Read_csv Parameter description

  • filepath_or_buffer: strSupports strings or any readable file object, including UEL files
  • sep: strSpecifies a data separator, the default is to try “,” separator, separator is longer than one character and is not “\s+”, will use Python’s parser, and ignores commas in data
  • delimiter: strDelimiter, alternative delimiter. If this parameter is specified, the sep parameter is invalid
  • delim_whitespace: boolSpecifying whether Spaces are used as separators is equivalent to setting sep=”\s+”. If this parameter is set to “True”, the delimiter parameter is invalid
  • header: int or list of intsIf header=0 is set explicitly, existing column names will be replaced. If list is set explicitly, these rows in the file will be used as column headers (meaning multiple headers per column). Intermediate rows will be ignored. If skip_blank_lines=True, the header argument ignores comment lines and empty lines, so header=0 represents the first line of data rather than the first line of the file
  • names: array likeThe list of column names used for the result. If there are no column header rows in the data file, header=None is required. The default list cannot be duplicated unless mangle_dupe_cols=True is set
  • index_col : int or sequence or FalseThe column number or column name used for the row index. If pandas is given a sequence with multiple row indexes, index_col=False can be set to disable the first column for the row index if the file is irregular and the delimiter is at the end of the row
  • usecols: array-likeReturns a subset of data whose values must correspond to locations in a file (numbers can correspond to specified columns) or characters to column names in a file, such as: Usecols valid arguments can be either [0,1,2] or [‘ foo ‘, ‘bar’, ‘baz’], which can be used to speed up loading and reduce memory consumption.

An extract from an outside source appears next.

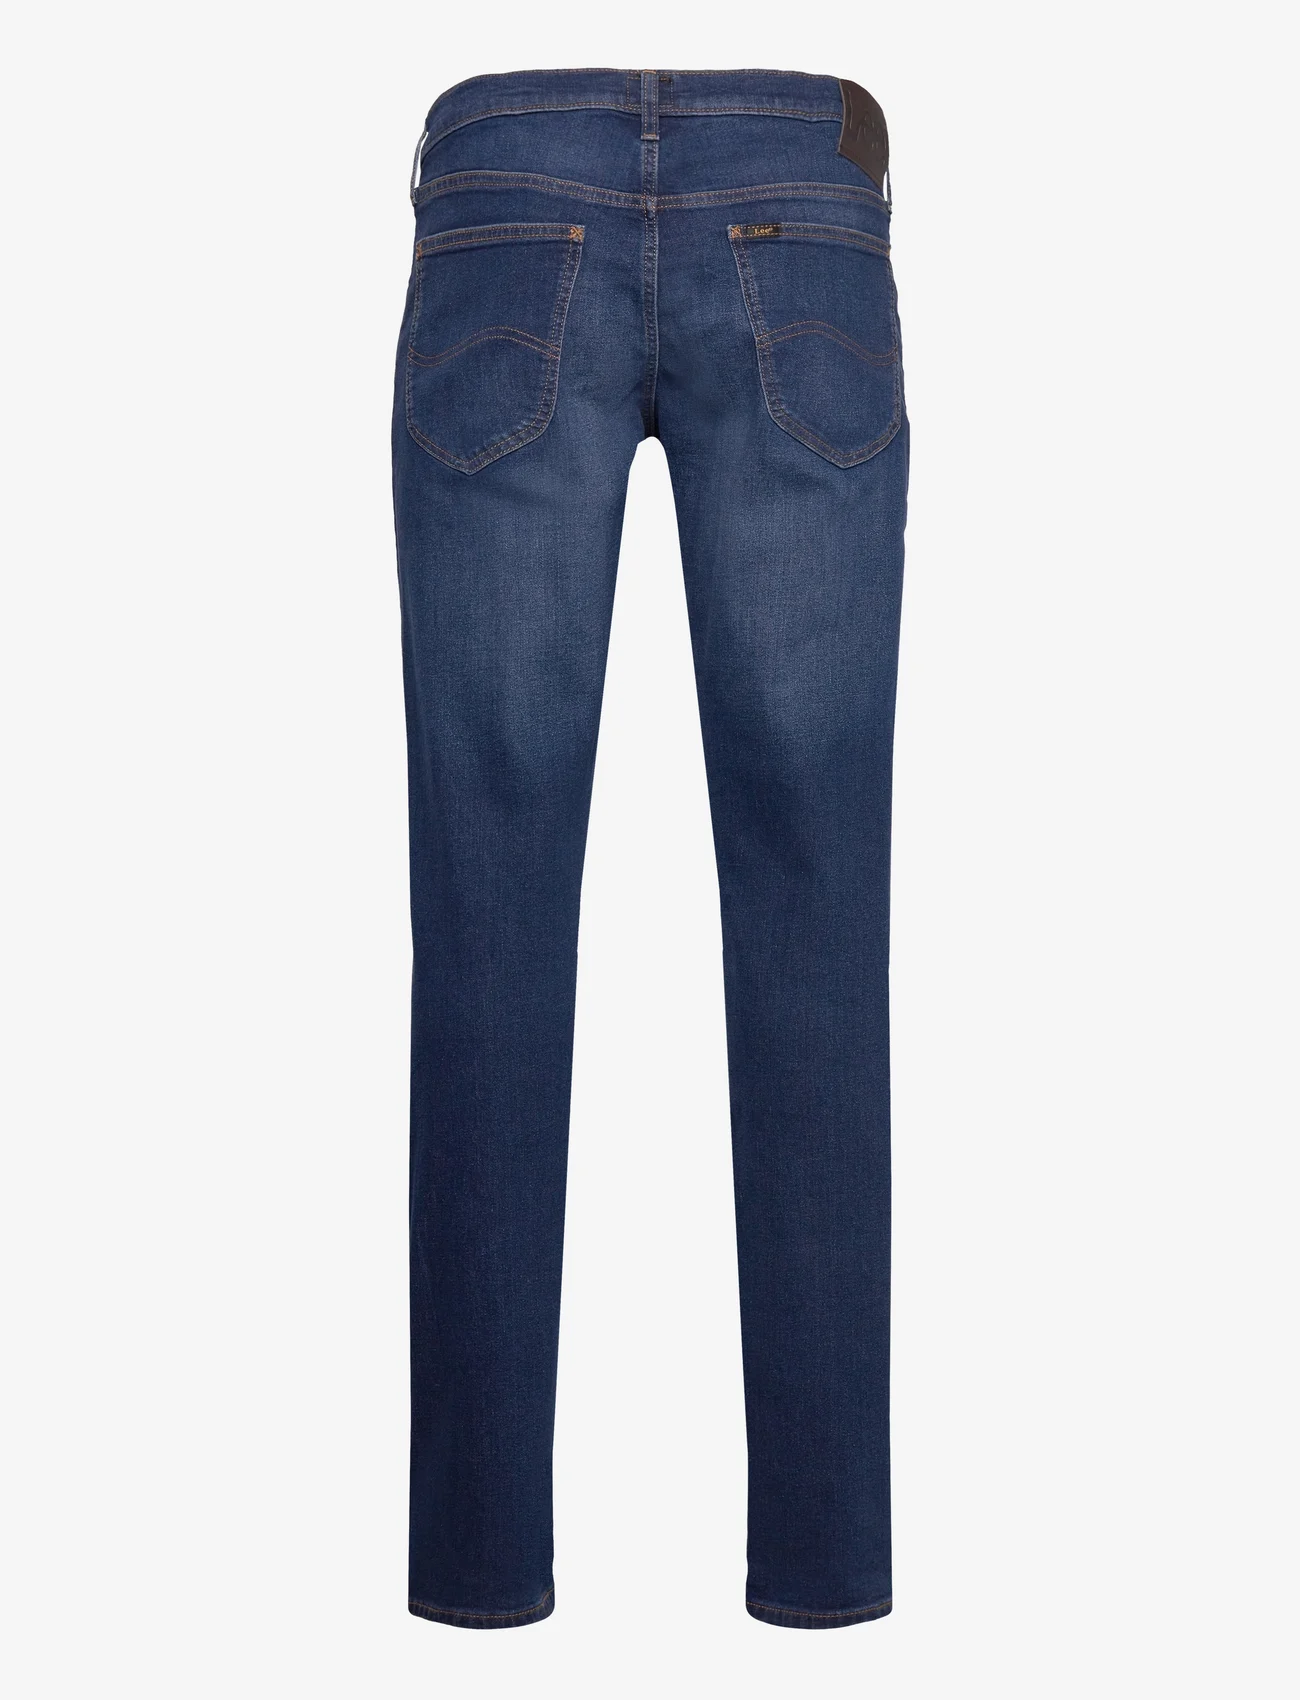 Lee Jeans - DAREN ZIP FLY - Įprasto kirpimo džinsai - dark worn - 1

  • as_recarray: boolNot supported: this parameter will be removed in future versions, use pd.read_csv(…). To_records () instead, returns a recarray of Numpy in place of DataFrame. If this parameter is set to True, the squeeze parameter will be used in preference, and the row index will no longer be available, and the index column will be ignored
  • squeeze: boolIf the file value contains a column, return a Series
  • prefix: strPrefix a column when there is no column title
  • mangle_dupe_cols : boolDuplicate columns, representing multiple duplicate columns as “x.0 “…” X.N”, otherwise the column will be overwritten.
  • dtype: Type name or dict of column -> typeThe data type of each column
  • engine: "c" or "python"Specify the analysis engine, C engine is faster, but Python engine is more complete
  • converters: dictA dictionary of column conversion functions. keys can be column names or column ordinals
  • true_values: list Values to consider as True
  • false_values: list, Values to consider as False
  • skipinitialspace: boolWhite space after the delimiter is ignored
  • skiprows: list-like or integerThe number of lines to ignore (from the beginning of the file), or the list of line numbers to skip
  • skipfooter: intIgnore from the end of the file
  • skip_footer: intIgnore from the end of the file (not recommended)
  • nrows: intNumber of lines to read (from the start of the file header)
  • na_values: scalar, str, list-like, or dictA set of values used to replace NA/NaN, which, if passed, need to specify null values for specific columns. Default to “1. # IND”, “1 # QNAN”, “N/A”, “NA”, “NULL”, “NaN”, “NaN”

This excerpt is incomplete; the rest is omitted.